Pour accéder à une boite mail, il faut 2 choses : l’adresse et le mot de passe du compte. En général, l’adresse, on l’a déjà. Mais le mot de passe, c’est ce qu’on cherche.

Où es-tu, petit mot de passe ?

Qui connait le mot de passe qu’on cherche ? Techniquement, seul le propriétaire du compte. Même le serveur ne le connait pas, normalement. Il est généralement crypté ou hashé dans un fichier ou une base de données. Après, si vous voulez juste récupérer des e-mails en particulier, vous pouvez tenter de vous attaquer au serveur, mais si c’est un service comme Yahoo ou GMail, bon courage…

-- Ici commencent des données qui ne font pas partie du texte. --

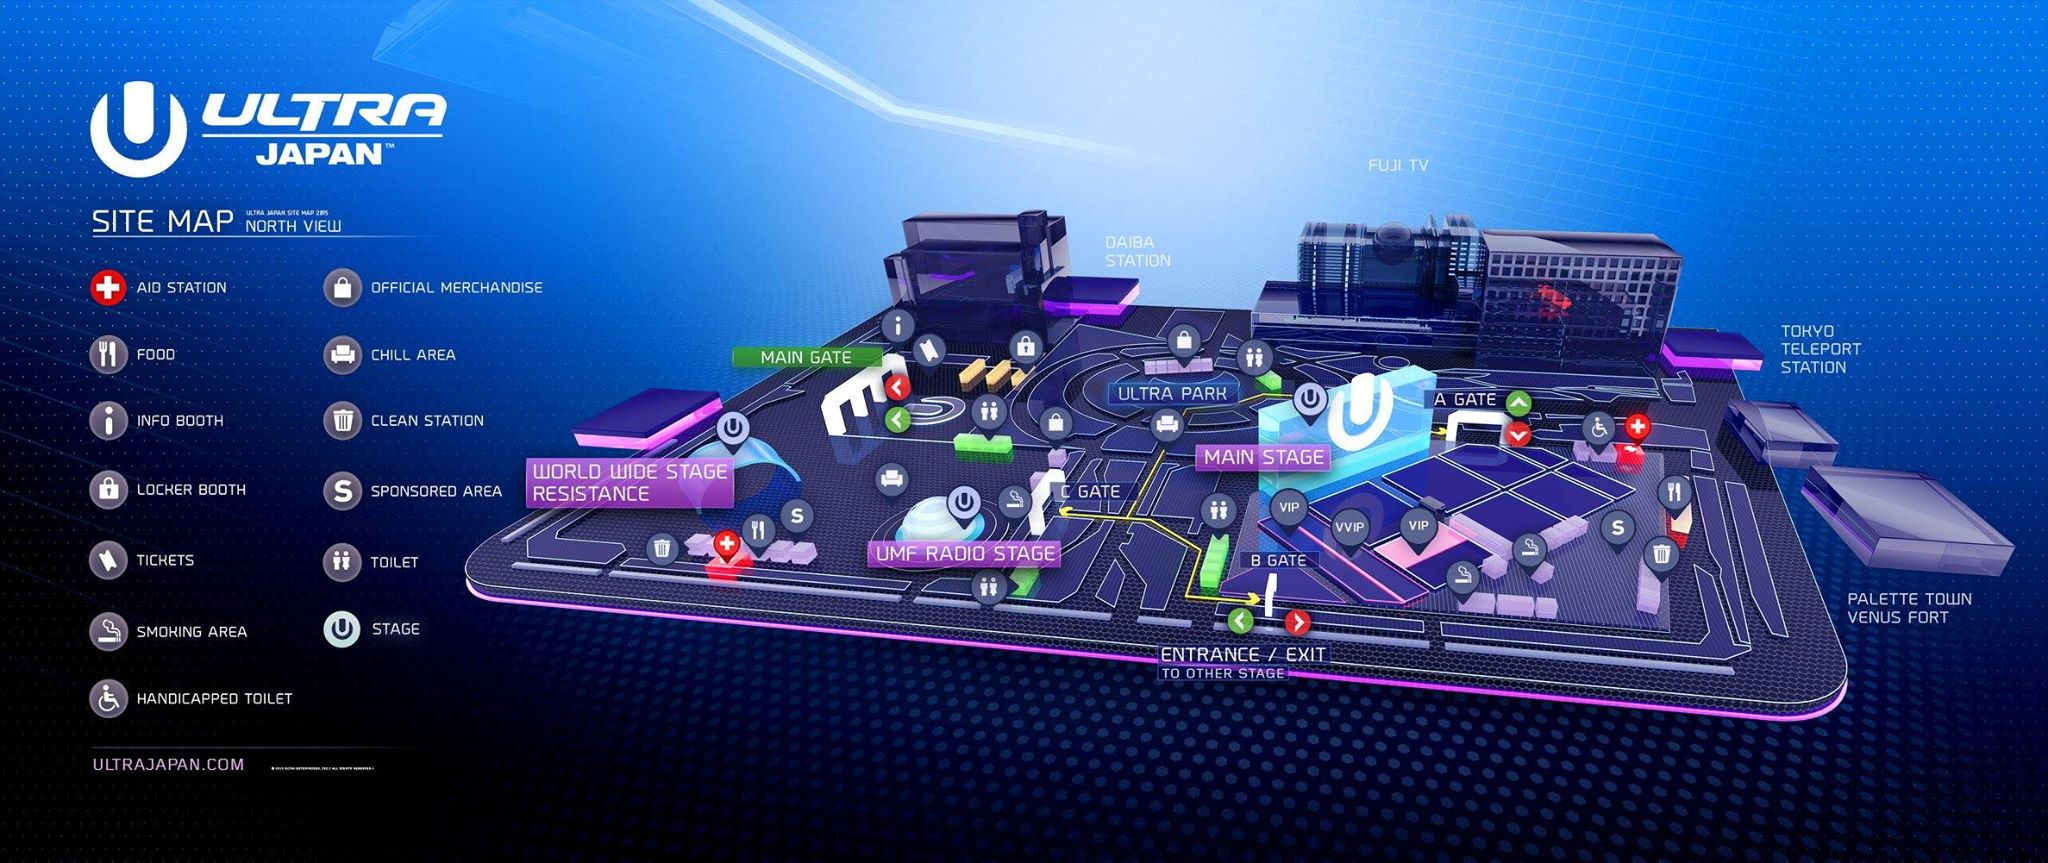 ULTRA JAPAN 2015 SITE MAP
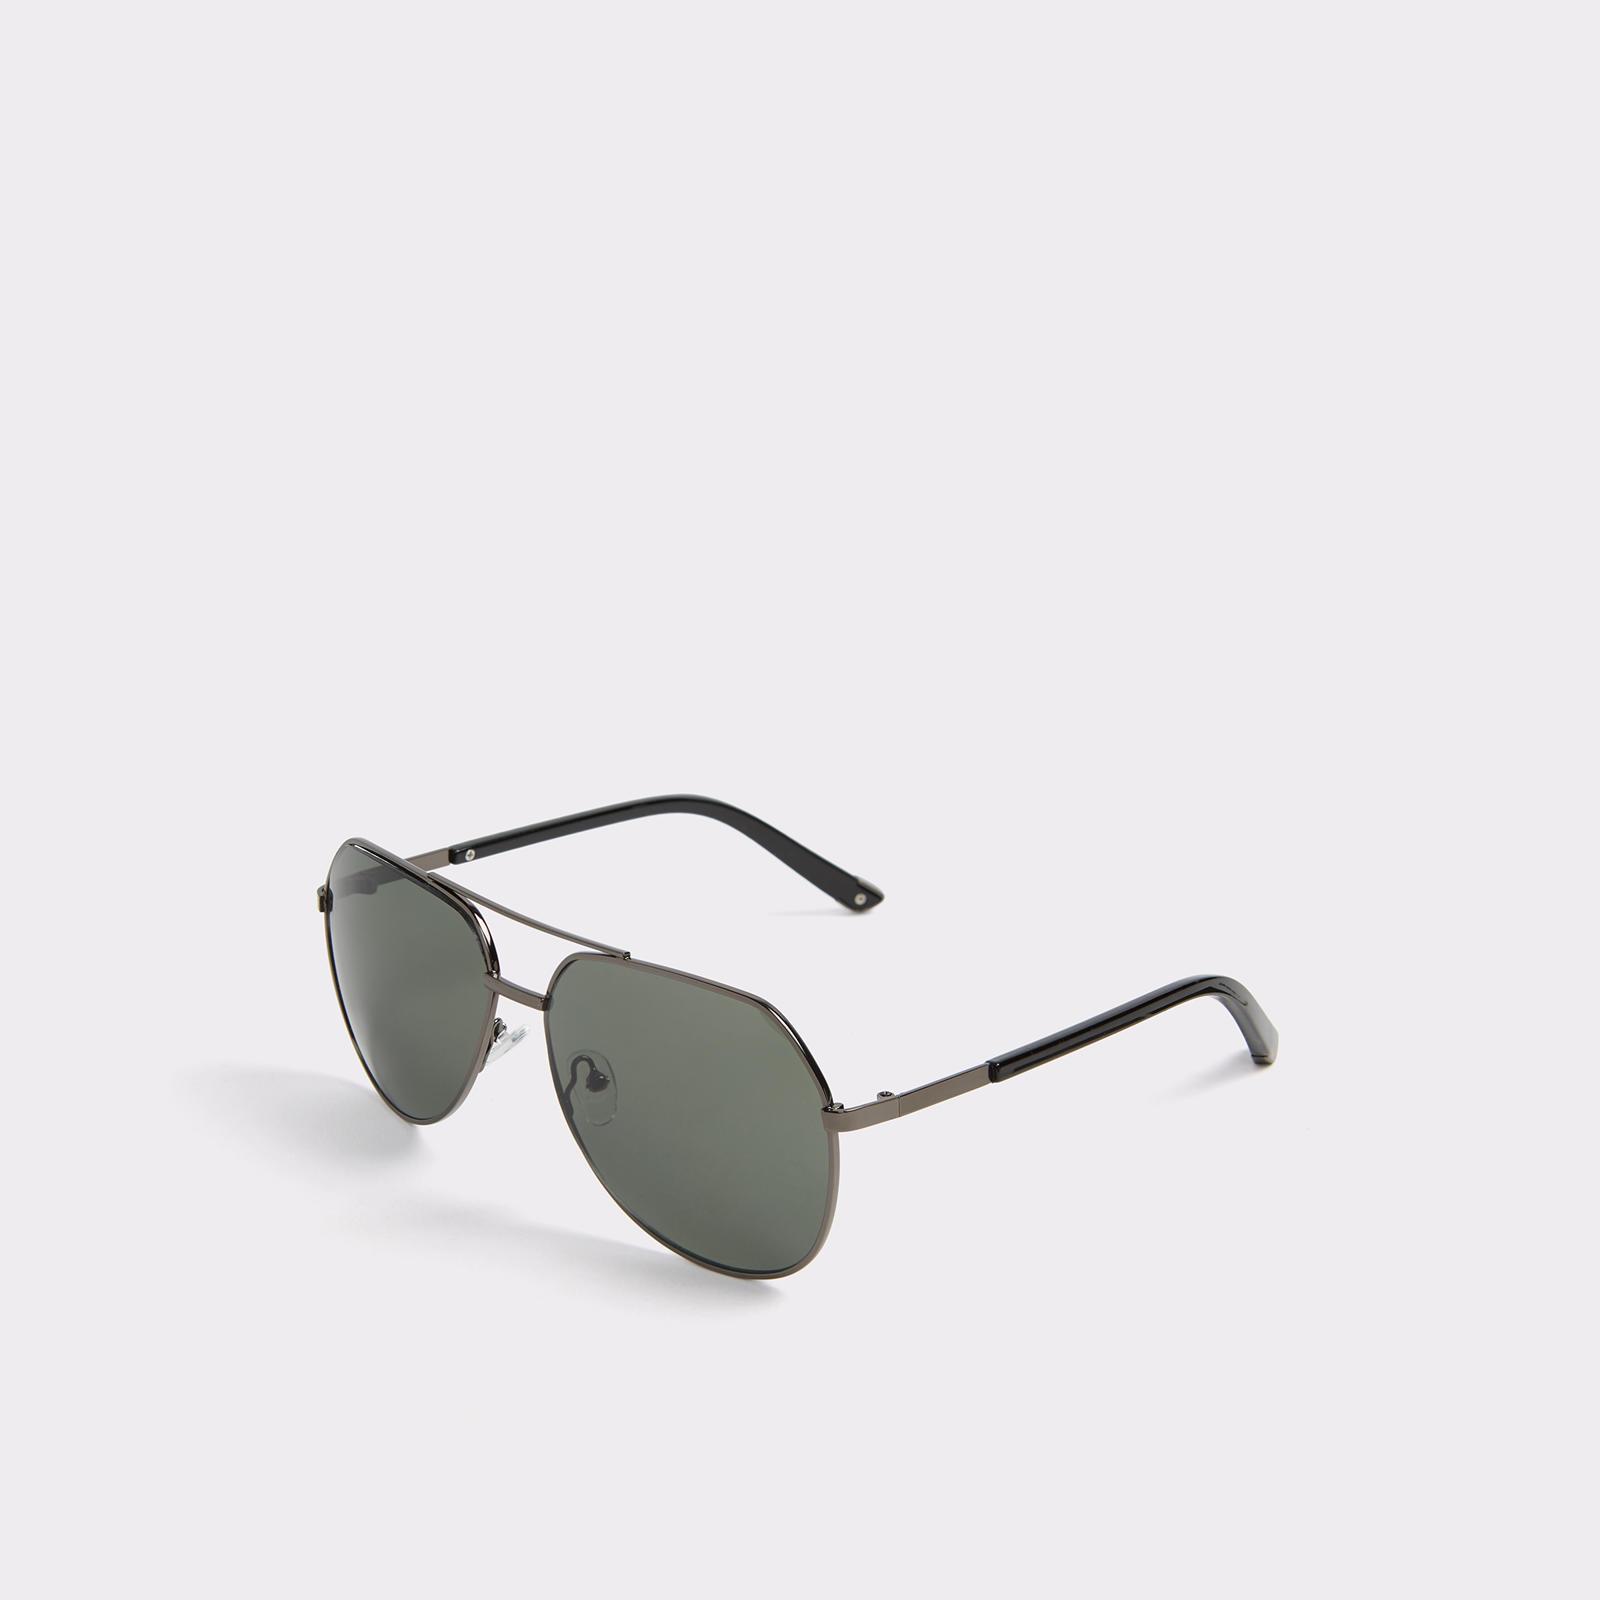 Ochelari soare gri, pentru barbati, ALDO - Laure12, din PVC

On considère donc que seul le propriétaire du compte connait le mot de passe. Ce serait dorénavent notre victime.

Cible verrouillée

On sait maintenant à qui s’attaquer. Maintenant, l’objectif est de récupérer son mot de passe. C’est là que votre réflexion et votre imagination vont devoir s’activer. Comment le récupérer ? Pour répondre à cette question, j’ai d’abord cherché à savoir où on va pouvoir l’intercepter.

  • Tout d’abord, pour accéder à sa boite mail, la victime va taper son mot de passe sur son clavier.
  • Ou elle utilise un logiciel comme Thunderbird ou Windows Mail qui stocke son mot de passe, ce qui fait que la victime ne le tape pas.
  • Puis elle va l’envoyer à son serveur de mails, dans tous les cas.
  • Le mot de passe va ensuite arriver au serveur. Il ne va pas plus loin.

Pour le serveur, ce n’est pas envisageable.
Par contre, lors de l’envoi, il est possible d’intercepter le mot de passe à plusieurs conditions.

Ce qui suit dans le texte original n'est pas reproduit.